*What is being asked*
Make an exact transcript of the lines in the data below, starting with the one containing "blanco rasgado estropeado papel pedazo png" and going on through the one containing "のサイズ 【新品】MOSCHINO モスキーノ", with both included and the pictures left out.

━━━ Given data ━━━

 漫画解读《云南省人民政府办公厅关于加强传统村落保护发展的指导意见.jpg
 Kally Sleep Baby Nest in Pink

━━━
━━━ Given data ━━━

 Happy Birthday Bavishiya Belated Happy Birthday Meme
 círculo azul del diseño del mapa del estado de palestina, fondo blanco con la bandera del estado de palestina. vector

━━━
━━━ Given data ━━━

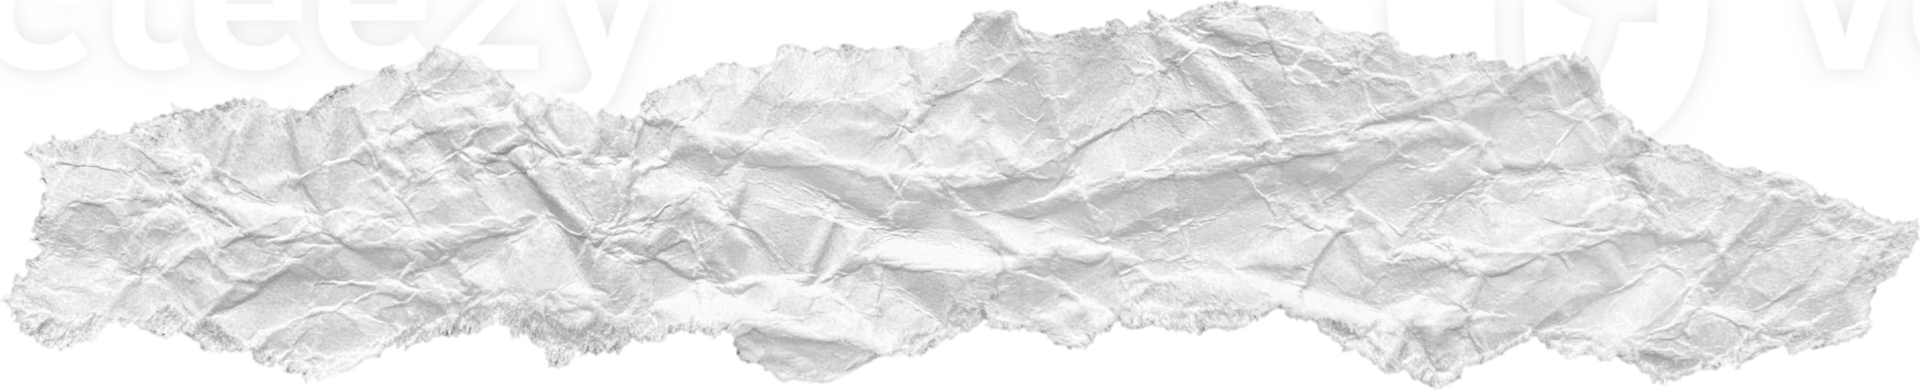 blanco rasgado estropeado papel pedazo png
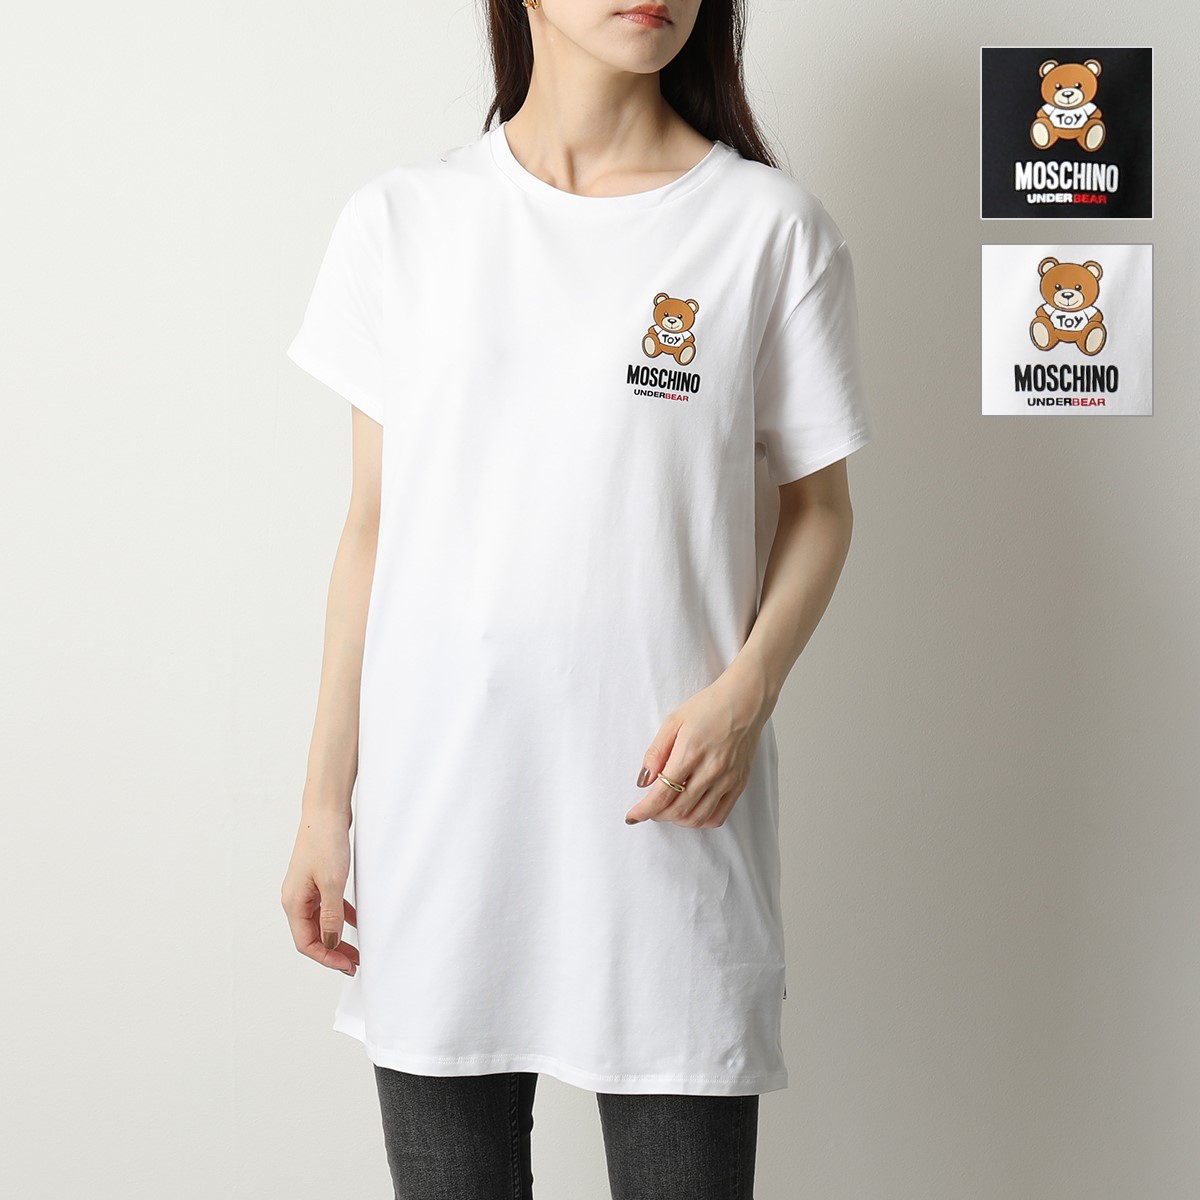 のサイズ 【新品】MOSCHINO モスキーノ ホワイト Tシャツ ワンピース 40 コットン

━━━

*Response*
 blanco rasgado estropeado papel pedazo png
 のサイズ 【新品】MOSCHINO モスキーノ ホワイト Tシャツ ワンピース 40 コットン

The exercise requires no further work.